Cayosoft Guardian Audit & Restore

Captures replicated attribute changes

No: replication bypasses audit logs

Yes: monitors independently of event logs

Granular attribute-level rollback

No: requires full object or partition restore

Yes: individual attributes restored in seconds

Real-time monitoring on suspicious changes

Limited to event log-based correlation

Continuous monitoring with automatic threat identification

Covers hybrid AD + Entra ID + M365

Separate tools required

Unified console across all environments

Deployment complexity

Multiple agents and configurations

Agentless: operational within hours

The platform also feeds enriched change data into SIEM tools such as Microsoft Sentinel, Splunk, and QRadar, giving your SOC context that native logs cannot provide. For organizations running hybrid environments, unified visibility across on-premises AD, Entra ID, and Microsoft 365 from a single agentless deployment eliminates the blind spots that DCShadow attacks exploit.

Request a demo to see how Cayosoft Guardian Audit & Restore gives your team the visibility and rollback capability to respond to DCShadow attacks before the damage compounds.

Conclusion

DCShadow remains one of the hardest Active Directory threats to detect because it turns the very infrastructure you rely on into a weapon. The attack leaves no trace in the places most teams have been trained to look. Defending against it requires a genuine shift in how you think about detection, moving away from periodic audits and event log collection toward continuous, replication-layer monitoring that captures attribute changes the moment they occur. Tight control over privileged group membership and real-time SPN alerting reduce the likelihood of the attack succeeding at all.

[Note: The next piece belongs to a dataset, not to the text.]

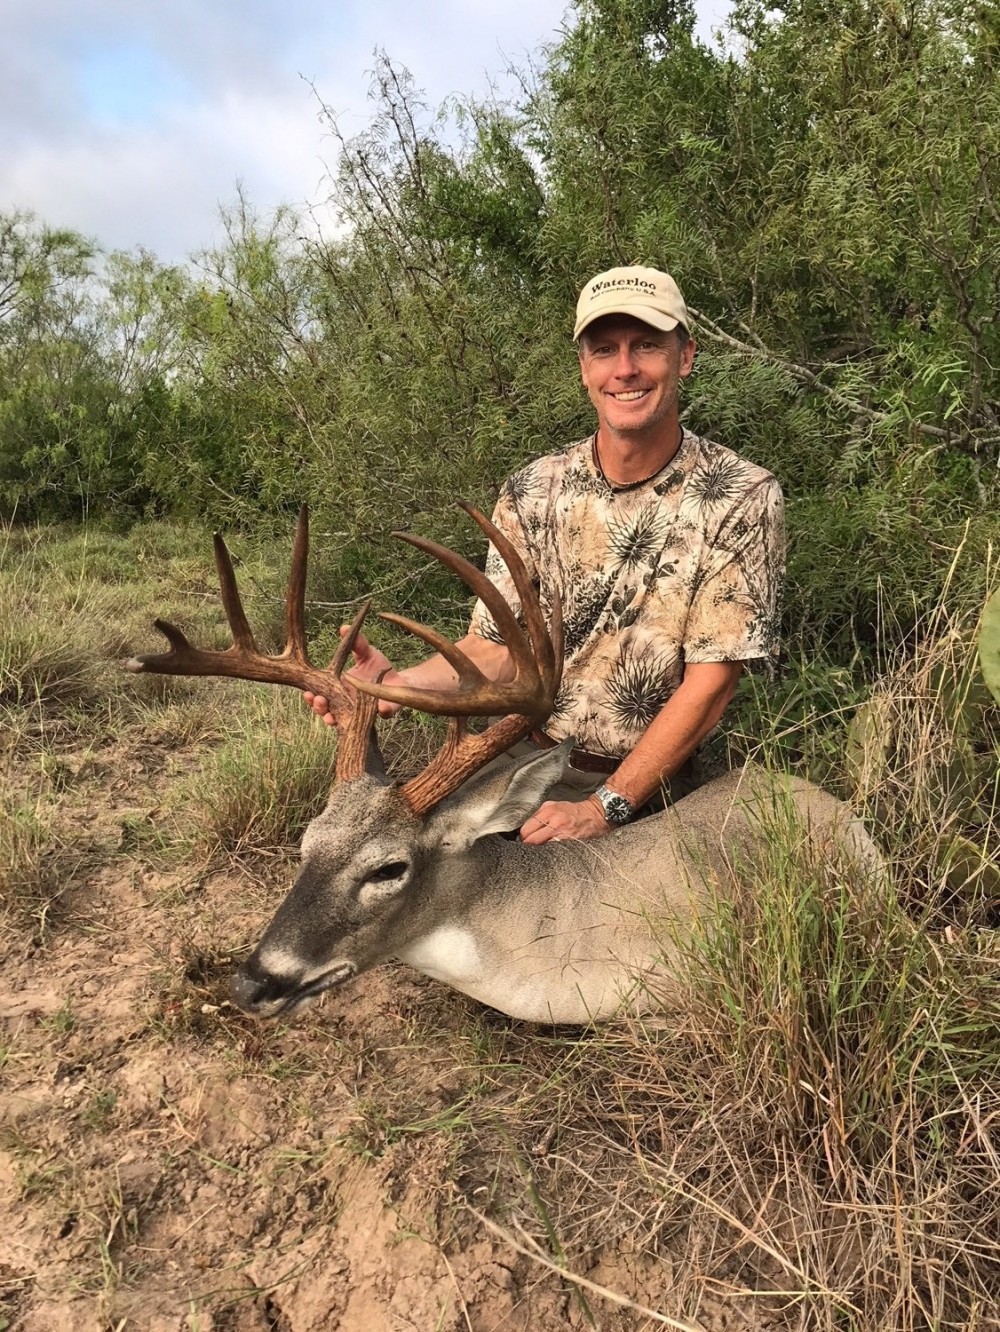 South Texas Finest Hunting Land 200+ Whitetail Deer featured image

If you’re responsible for securing a hybrid AD environment, start by auditing your Domain Admin membership today, confirming your DC topology baseline, and testing whether your current tooling can actually detect a rogue replication request originating from a non-DC host. The answers to those three questions will show you exactly where your gaps are, and how urgently you need to close them.

FAQs

DCShadow works by temporarily registering a compromised domain-joined machine as a legitimate domain controller, then using native AD replication protocols to push malicious attribute changes into the directory. After the changes replicate to real domain controllers, the attacker removes all traces of the rogue registration, leaving no evidence in standard audit logs.

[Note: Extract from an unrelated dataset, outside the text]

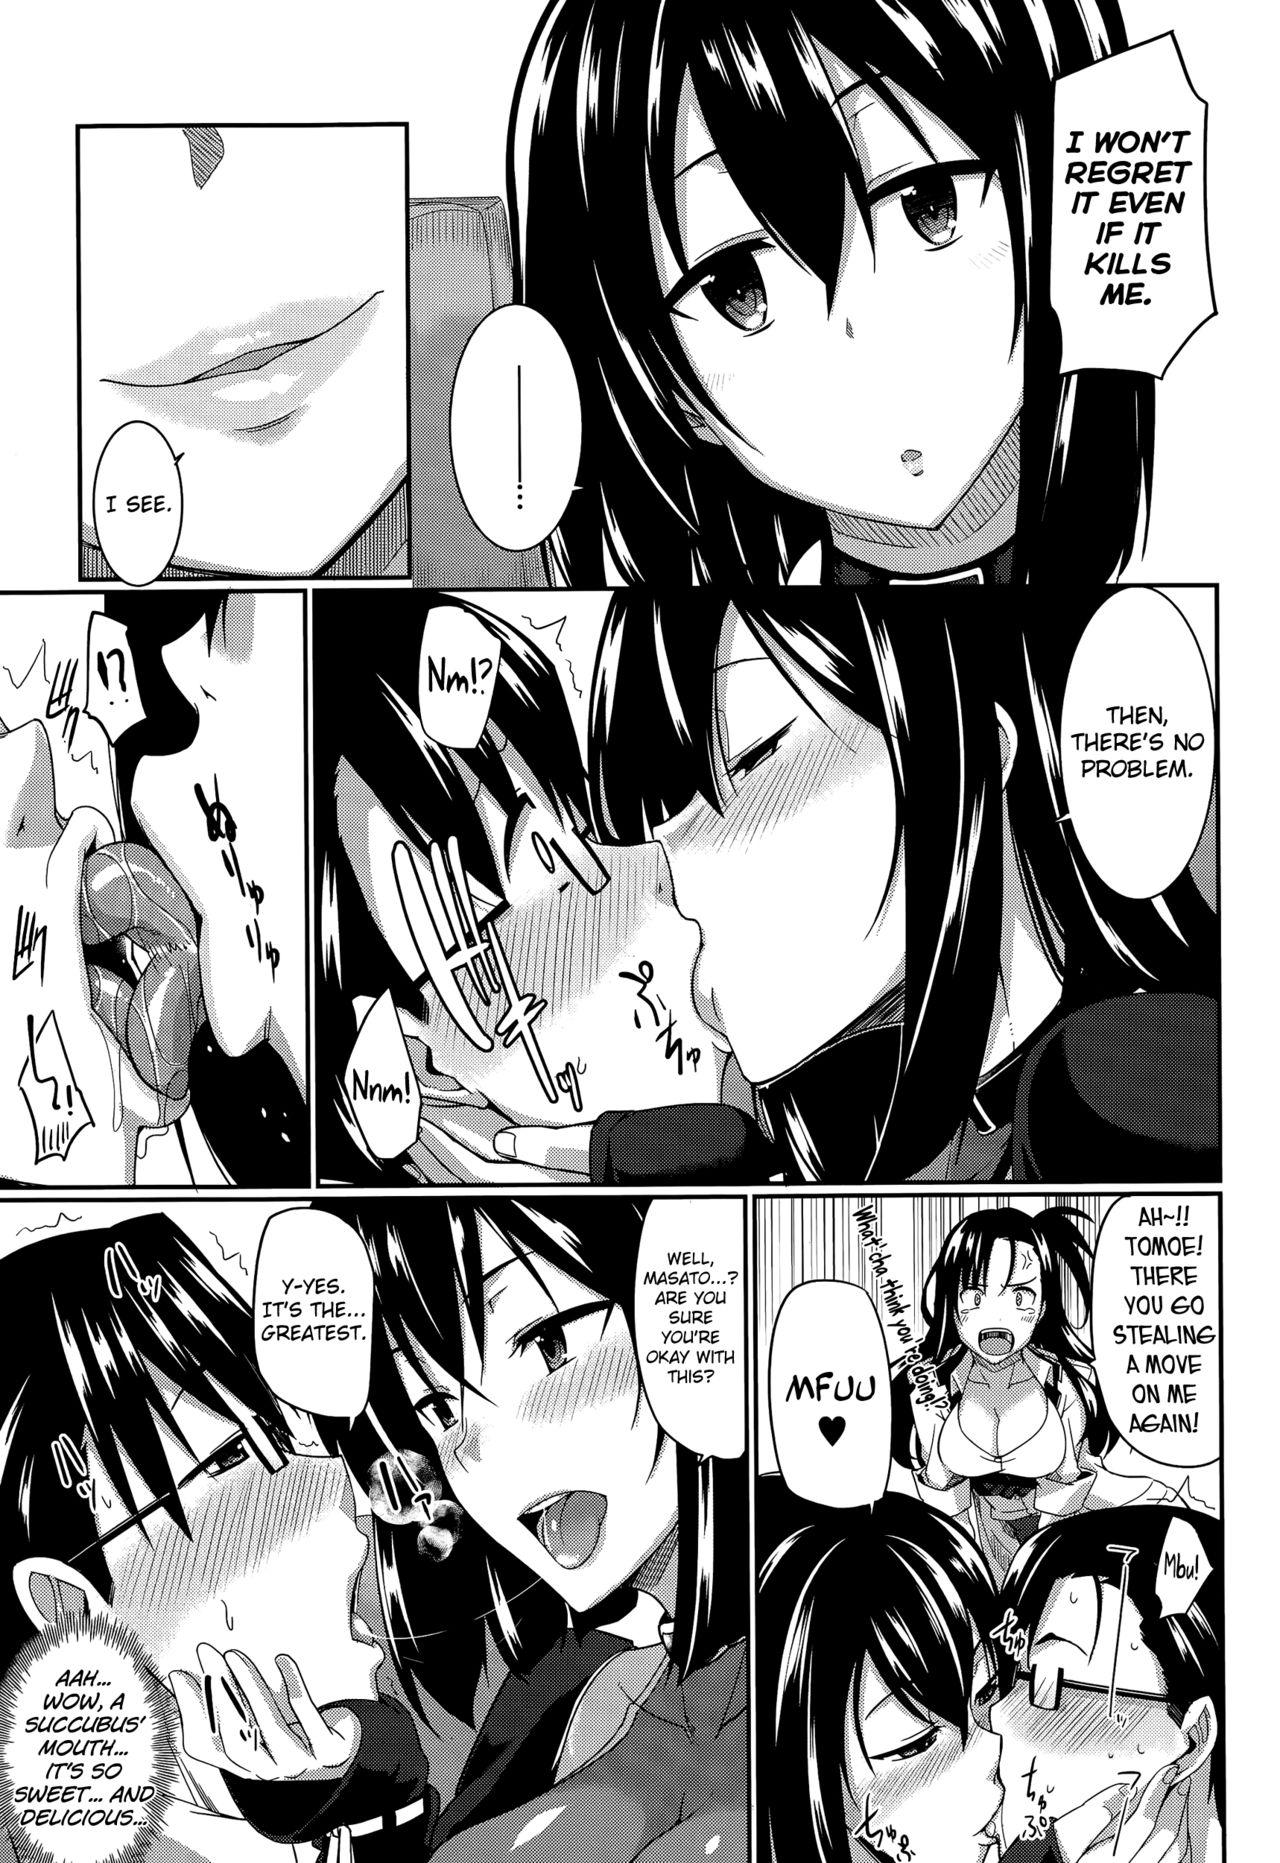 Bear Inma no Mikata! | Succubi's Supporter! Adult Toys - Page 11

EDR tools may detect Mimikatz execution or suspicious command-line arguments on the compromised host, but they cannot observe the replication-level changes being pushed into Active Directory. Detecting the actual directory modifications requires monitoring at the AD replication layer, not at the endpoint level alone.

The attacker needs Domain Admin or Enterprise Admin credentials along with SYSTEM-level access on a domain-joined machine. This makes it a post-exploitation technique that only becomes possible after significant compromise has already occurred within the environment.

No, they are distinct techniques, though DCShadow can enable Golden Ticket attacks by modifying the KRBTGT account through rogue replication. A Golden Ticket attack forges Kerberos tickets using a compromised KRBTGT hash, while DCShadow is focused on injecting unauthorized changes into Active Directory.

Recovery time depends entirely on whether you have attribute-level change tracking in place, since without it, identifying exactly what was modified can take days or weeks. Organizations with continuous replication monitoring and granular rollback capabilities can remediate specific changes in minutes rather than restoring entire directory partitions from backup.